■ Given records
+ + +

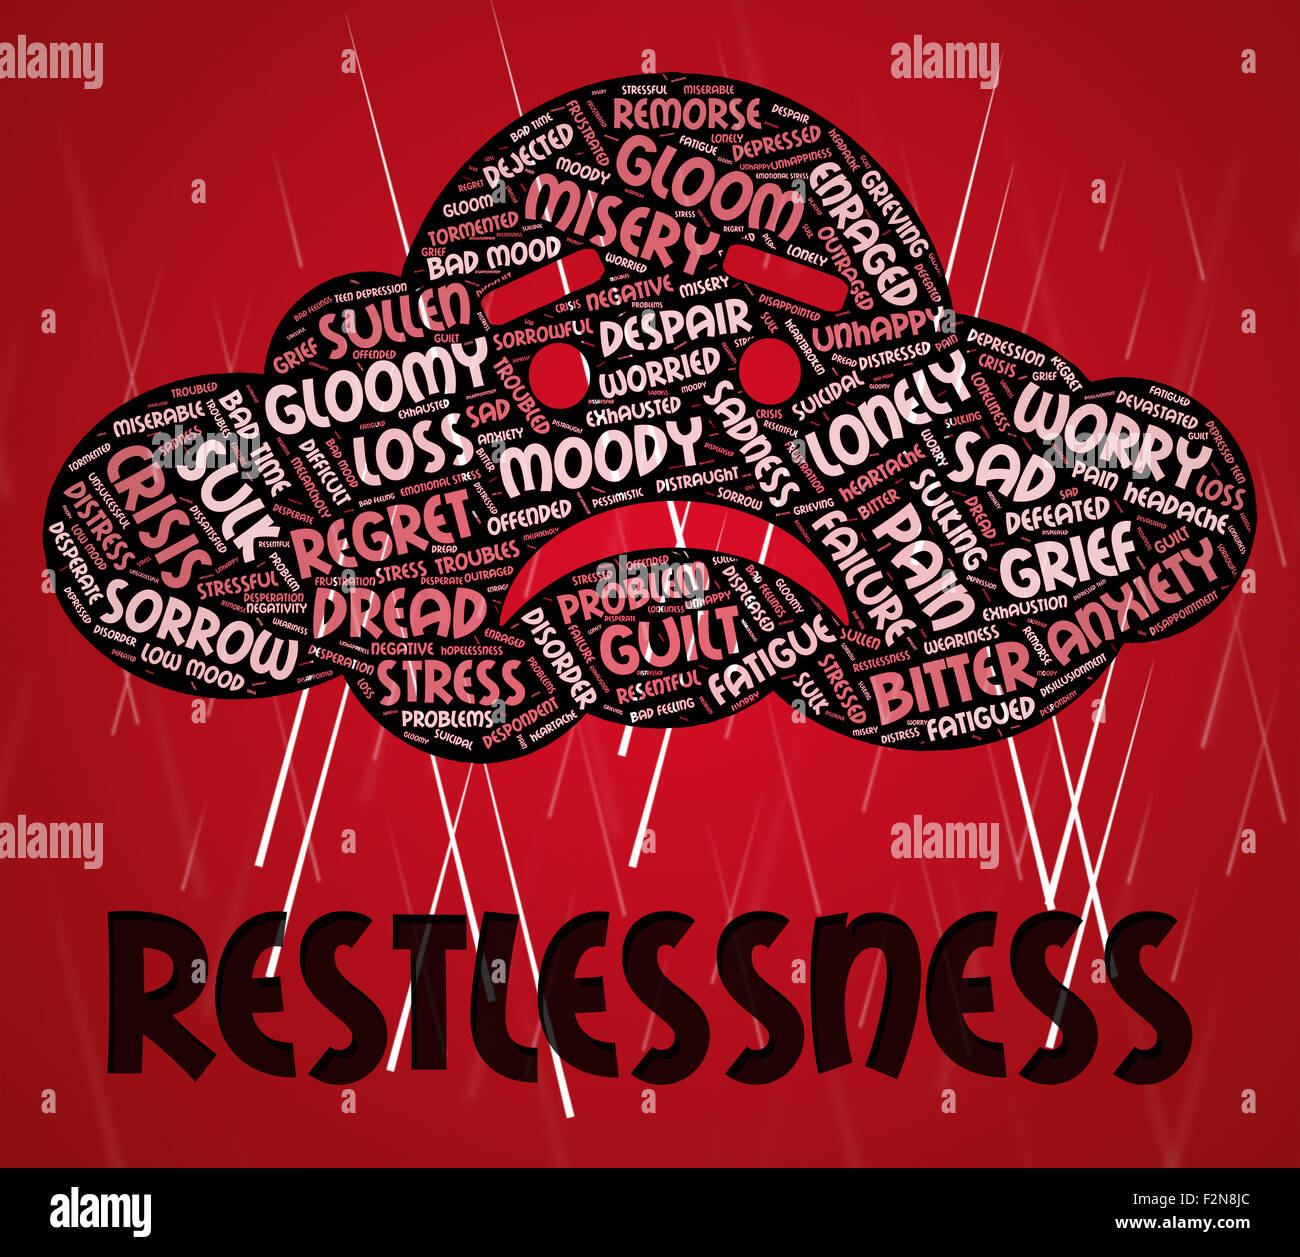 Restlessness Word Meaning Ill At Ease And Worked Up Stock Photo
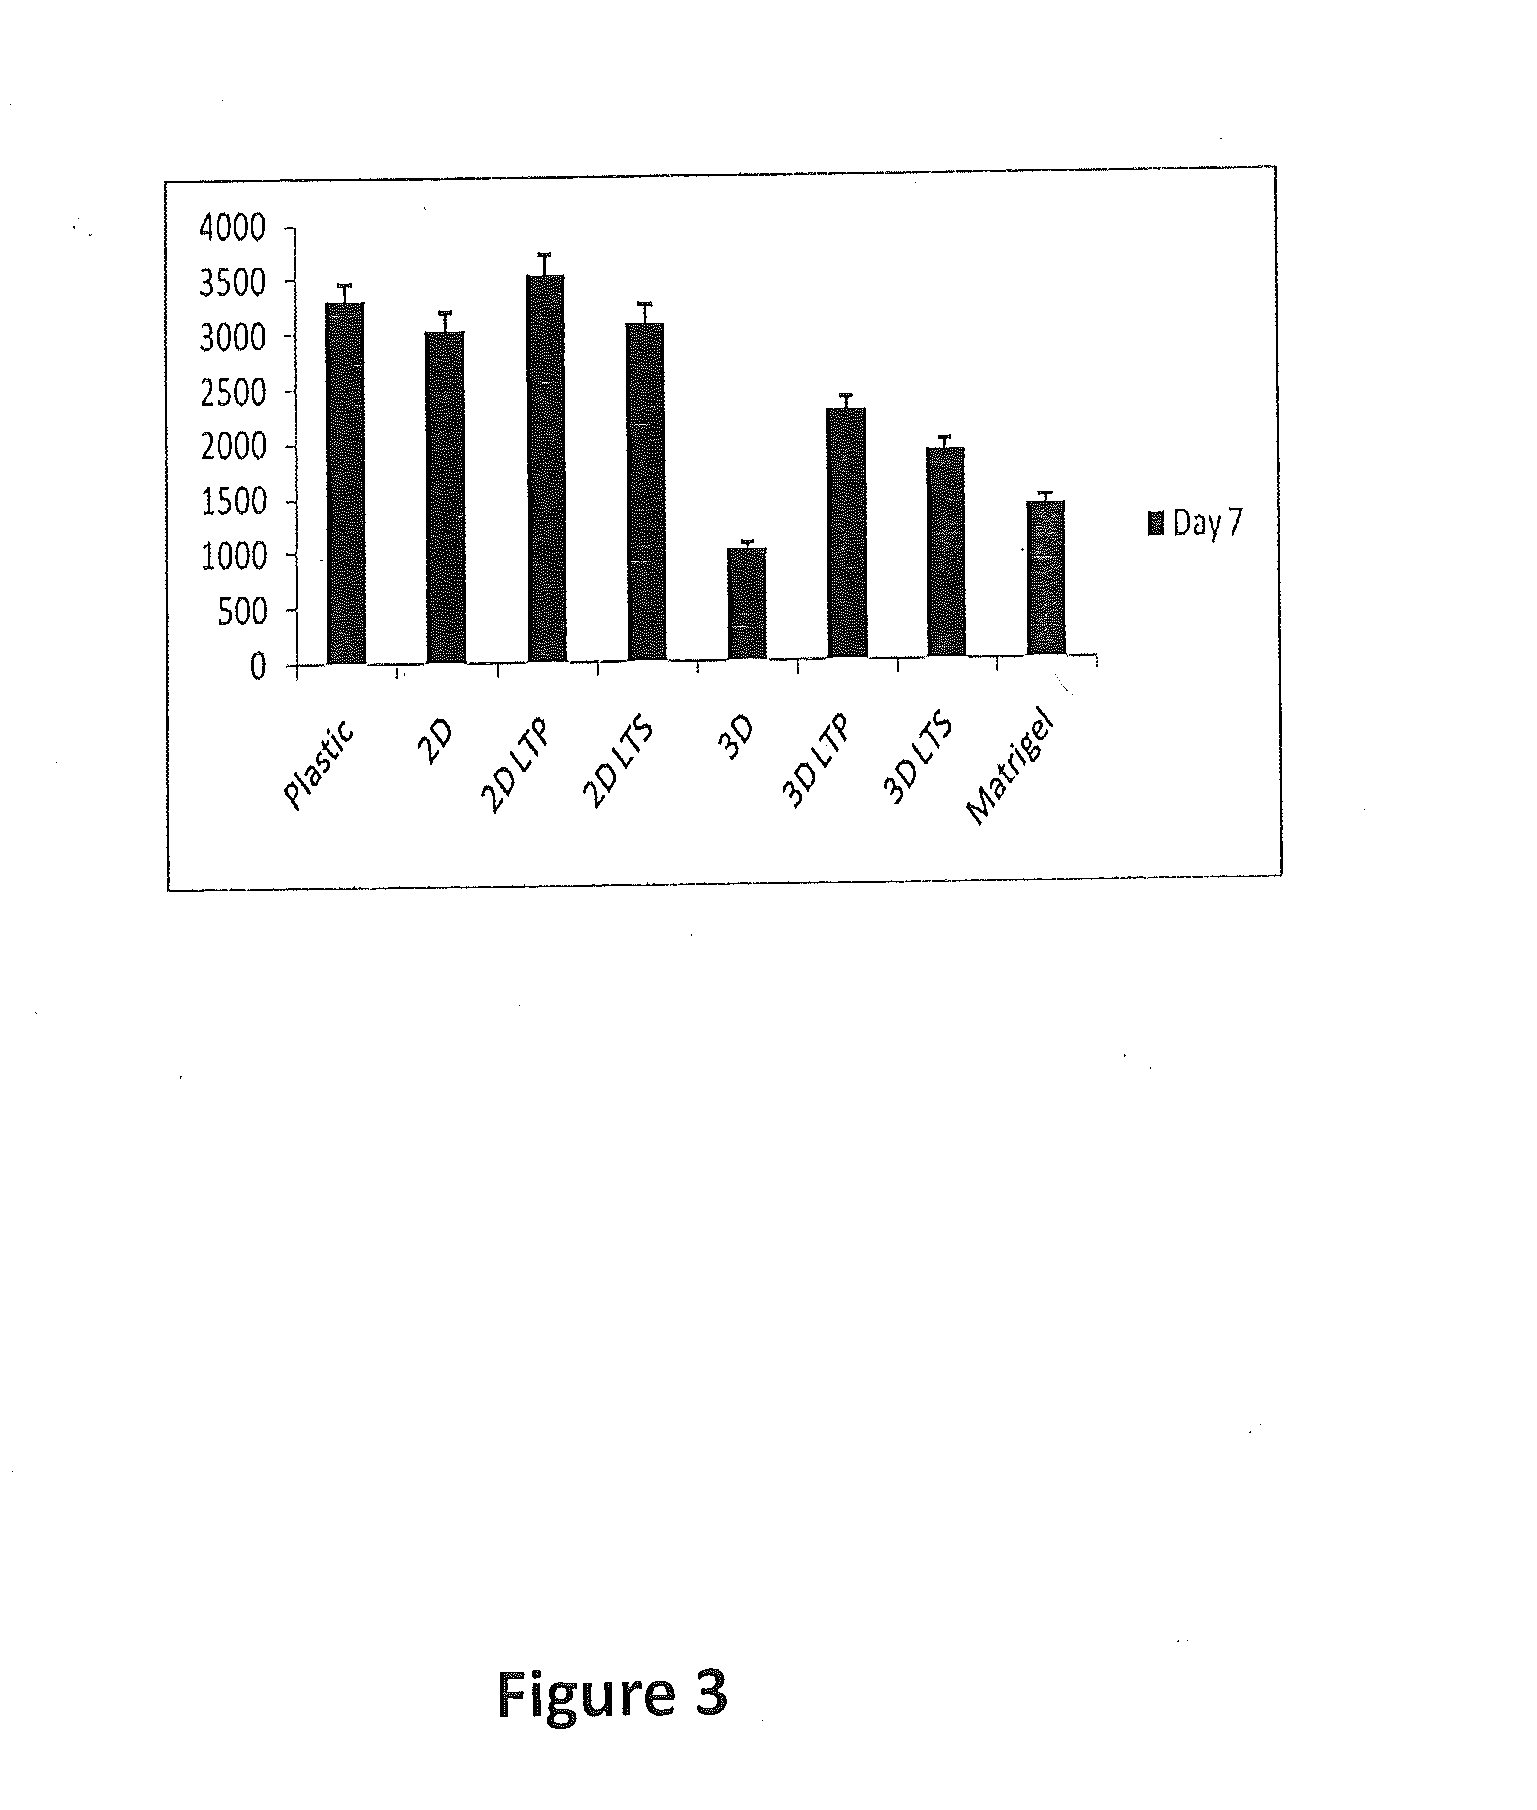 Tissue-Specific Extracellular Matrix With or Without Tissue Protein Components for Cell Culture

+ + +

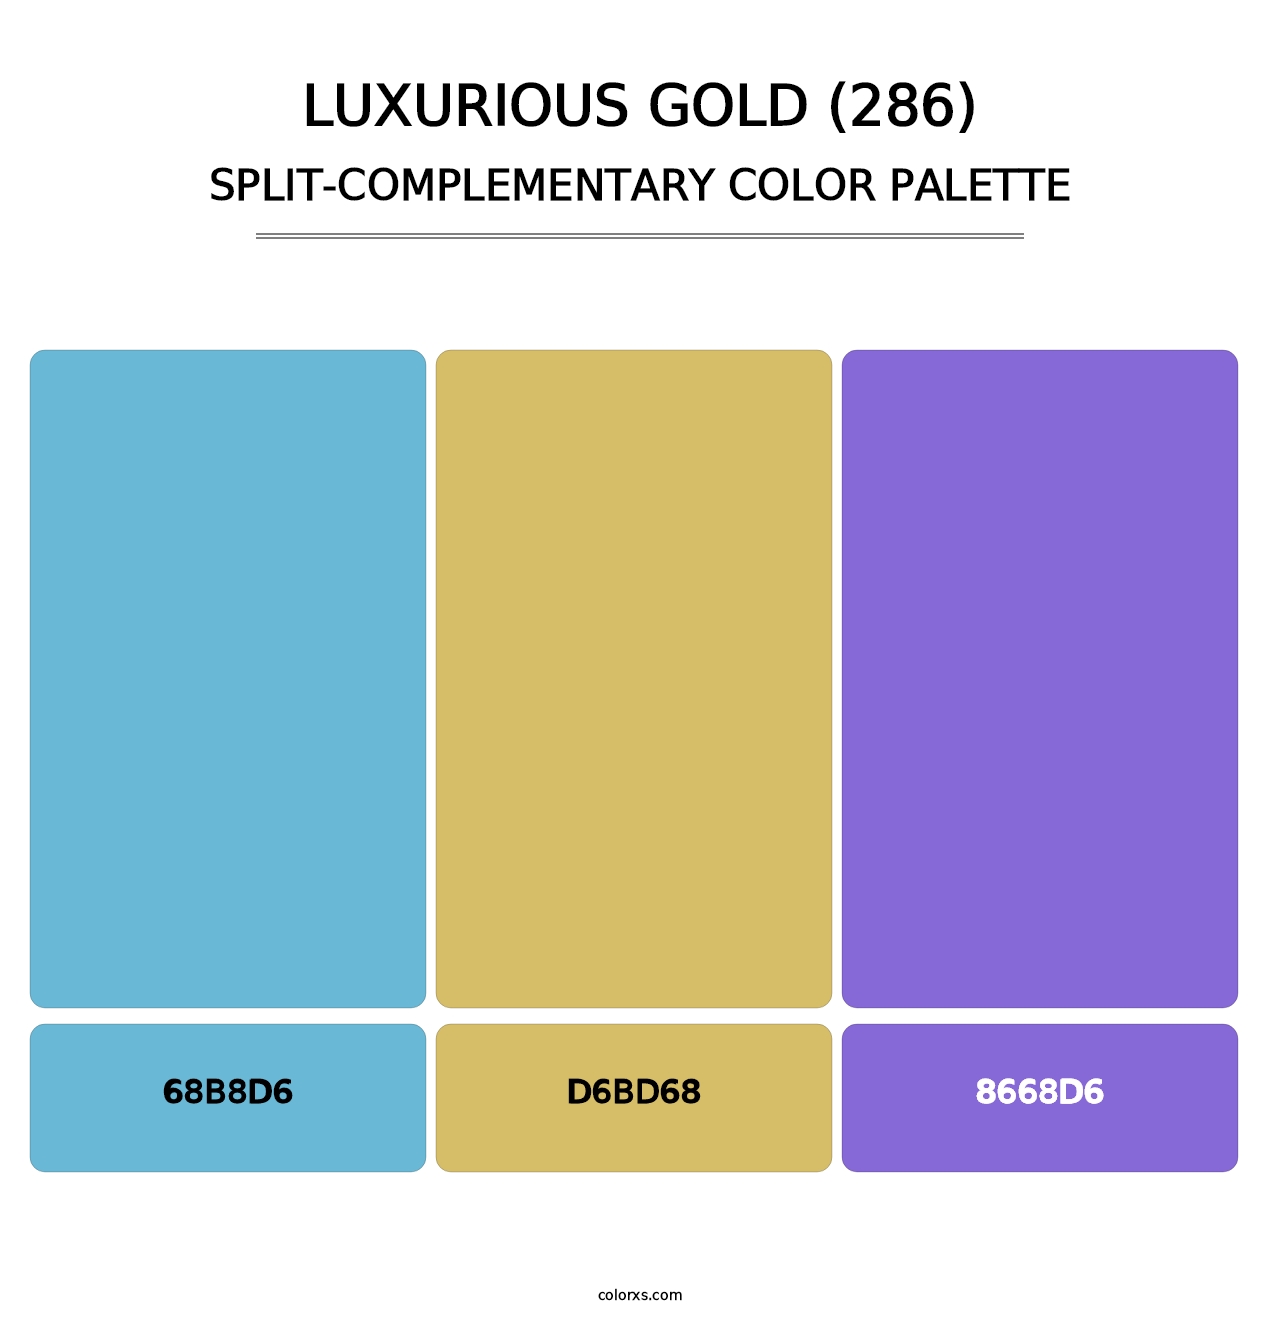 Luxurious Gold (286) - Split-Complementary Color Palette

+ + +

■ Problem
Print exactly the lines above that run from the one with "Restlessness Word Meaning" to the one with "Tissue-Specific Extracellular Matrix", both included. No pictures.

■ Answer to this task
 Restlessness Word Meaning Ill At Ease And Worked Up Stock Photo
 Tissue-Specific Extracellular Matrix With or Without Tissue Protein Components for Cell Culture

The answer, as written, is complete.